Resilience and Fault Tolerance with Polly
In a distributed system, calls fail: networks timeout, dependencies go down, databases lock. Polly is a .NET resilience library providing circuit breakers (fail fast if a service is down), retry policies (exponential backoff, jitter), and fallbacks (graceful degradation). Circuit breakers prevent thundering-herd retries; exponential backoff gives downed services time to recover. This theme teaches you to wrap every inter-service call in resilience policies, reducing cascading failures and improving user experience during outages.
API Gateways and Service Composition
An API Gateway sits between clients and microservices, handling routing, rate limiting, authentication, and request/response transformation. Instead of clients calling services directly (exposing your topology), they call one gateway. Ocelot is a lightweight .NET gateway; Kong is enterprise-grade. This theme covers gateway patterns, how to compose multiple service responses into a single client response (query aggregation), and how to protect backend services from direct access.
Why Build Distributed Systems?
Monolithic applications scale vertically—buy bigger servers—until hitting hardware limits or deployment time windows. Microservices scale horizontally: add new servers running the same service. Independent deployments let teams move faster: the Orders team ships a feature without waiting for Payments or Inventory. Bounded domains reduce cognitive load—each service is smaller and easier to understand. The cost is operational complexity: you must manage data consistency across databases, monitor more moving parts, and debug across process boundaries.
Learning Outcomes
After this chapter, you will be able to:
- Architect a business domain as a set of communicating microservices
- Choose between sync (gRPC, HTTP REST) and async (RabbitMQ, message buses) communication
- Implement publish-subscribe event flows using MassTransit
- Write
.protocontracts and generate gRPC clients/servers - Apply circuit breakers, retries, and timeouts to prevent cascading failures
- Deploy services independently and coordinate releases via API contracts
- Design and implement saga patterns for distributed transactions
Frequently Asked Questions
When should I use microservices instead of a monolith?

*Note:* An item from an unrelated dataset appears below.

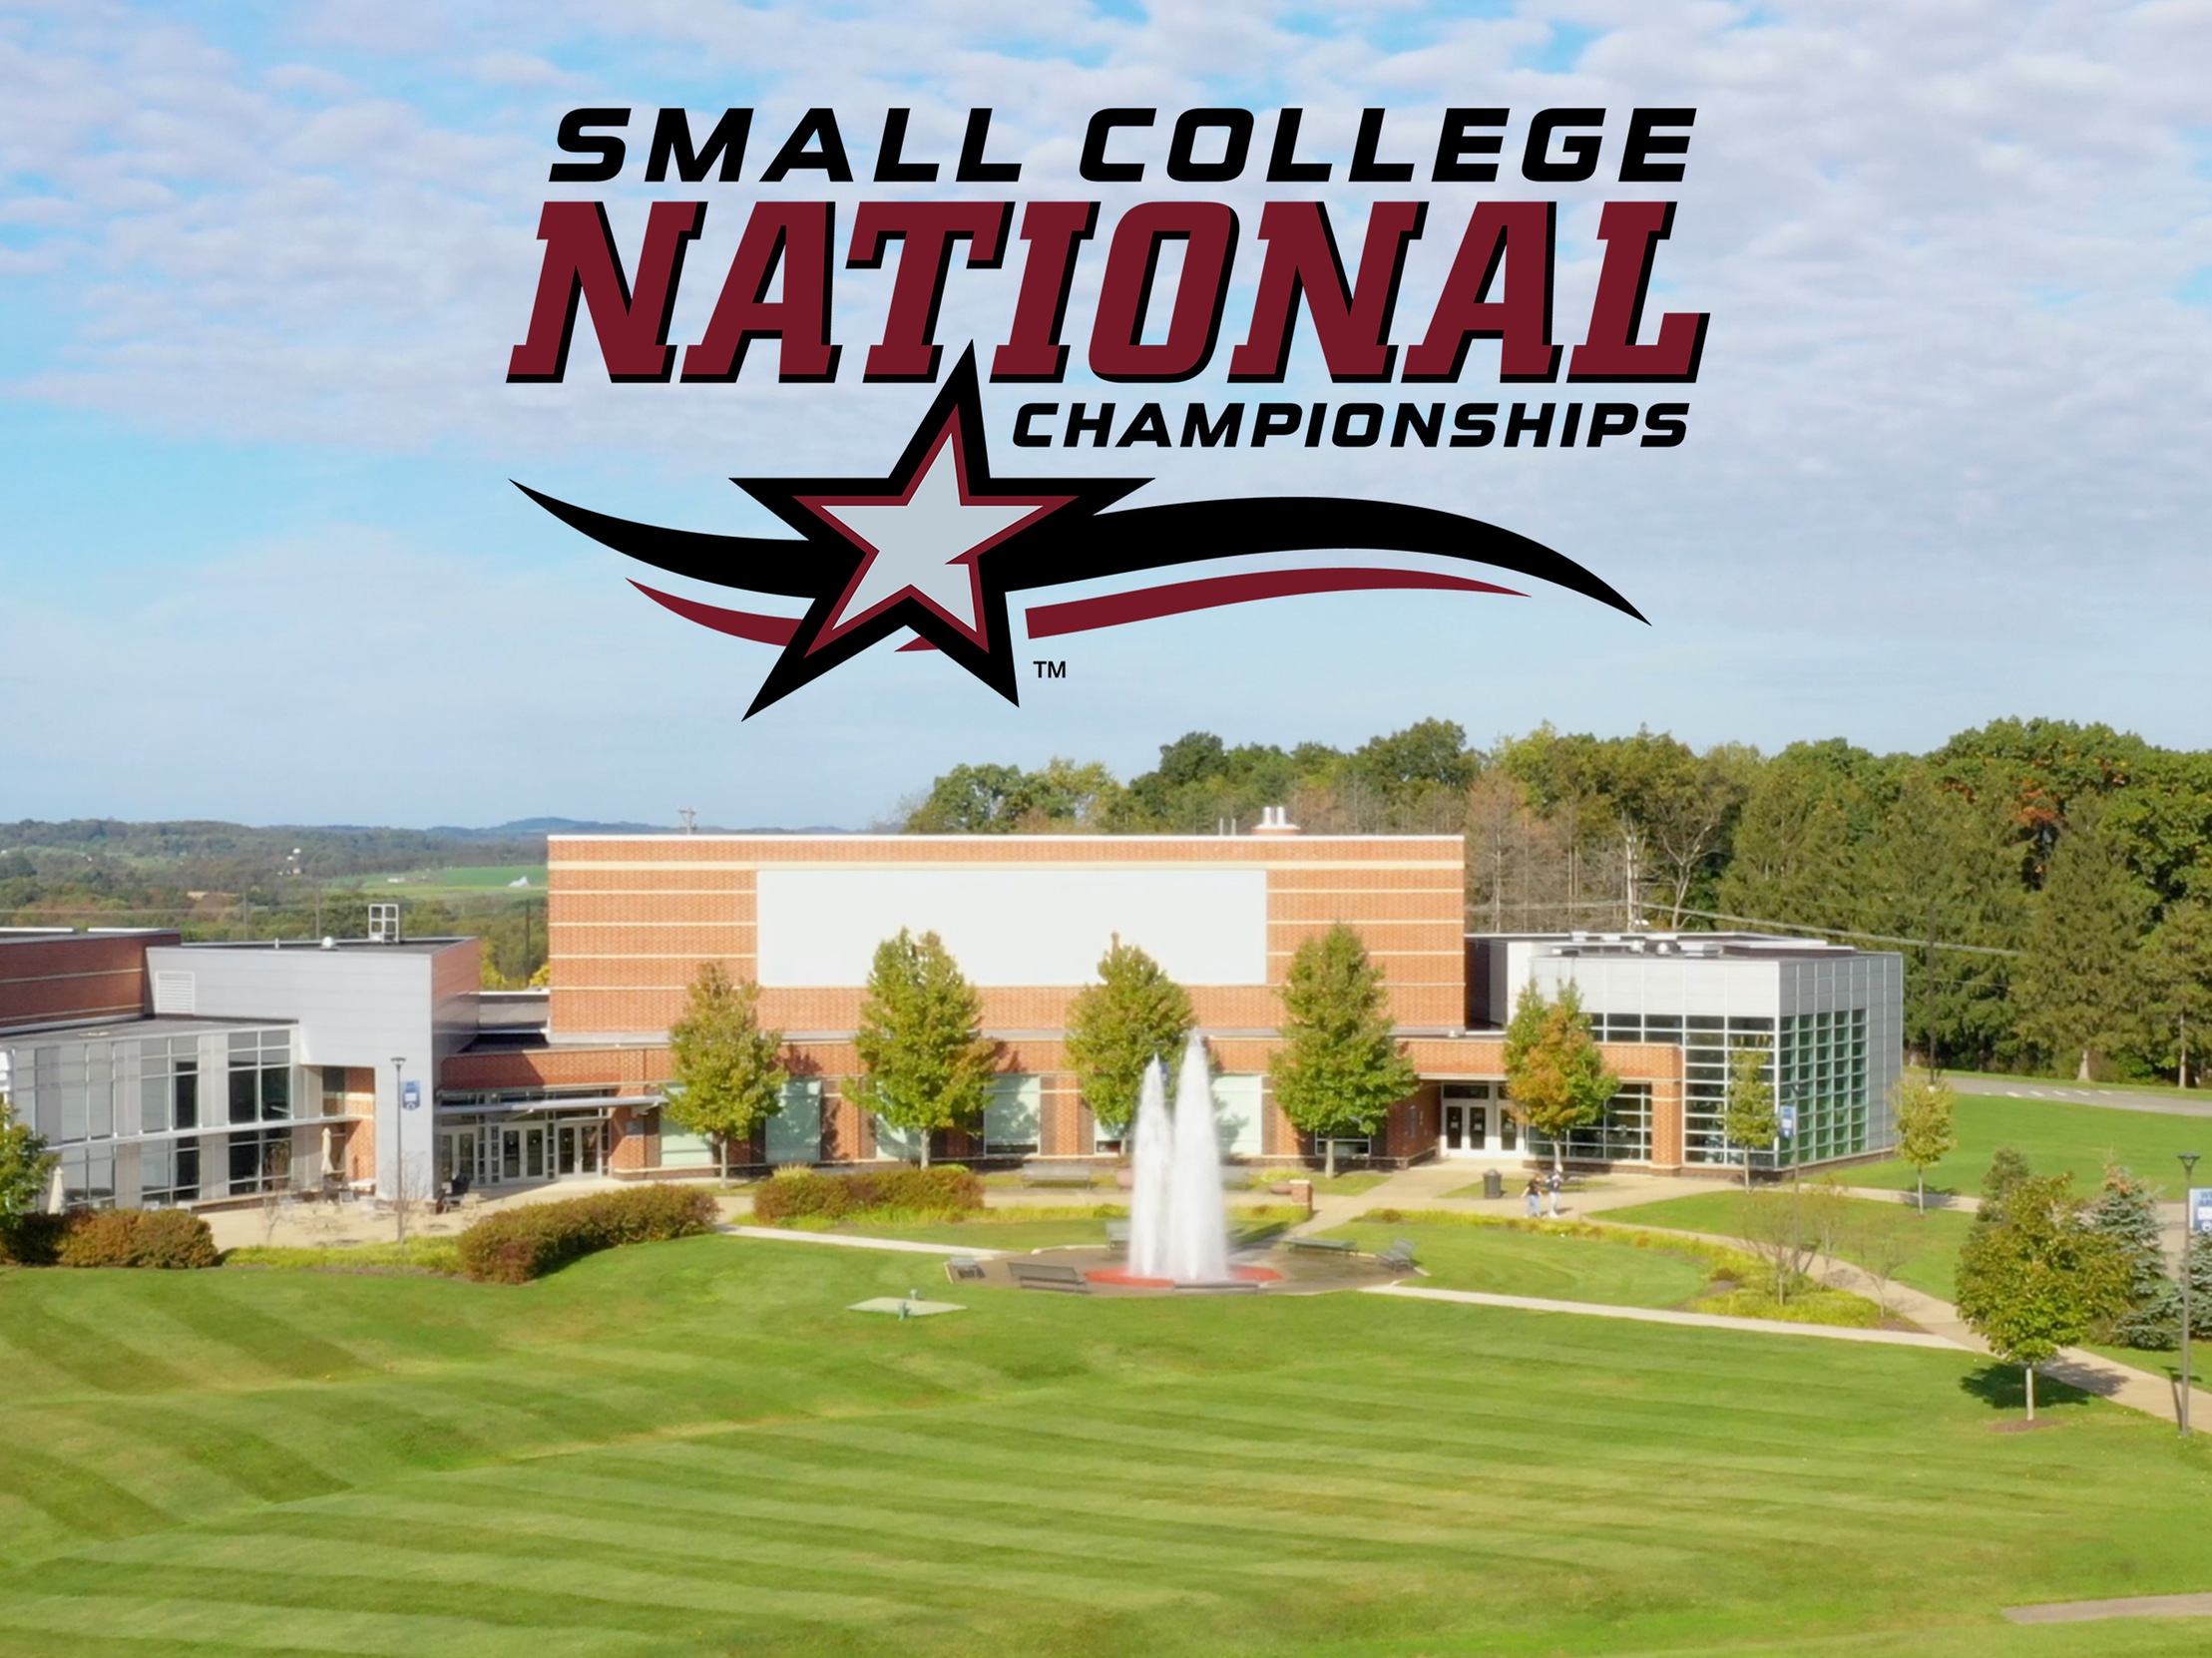 Penn State Fayette hosts the Small College National Championships.

Use microservices when teams are large (>8 people per bounded domain), deployment frequency is high (>1 release per week), or failure isolation is critical. Microservices add 20–40% operational overhead compared to monoliths. If your team is small or your application has tight data coupling, stay monolithic and use modular architecture instead.
Should I use gRPC or HTTP REST for service-to-service calls?
gRPC is 4–10× faster and uses less bandwidth; use it for internal service calls where you control both client and server. HTTP REST is more flexible and cacheable; use it for public APIs or when polyglot languages must interoperate. Most systems use both: gRPC internally, REST publicly.
How do I handle distributed transactions across microservices?
Use the Saga pattern, which orchestrates a workflow across services. Orchestration-based sagas (a central orchestrator calls services in sequence) are easier to debug; choreography-based sagas (services emit events triggering each other) are more loosely coupled but harder to troubleshoot. For most cases, orchestration is simpler—sacrifice some decoupling for debuggability.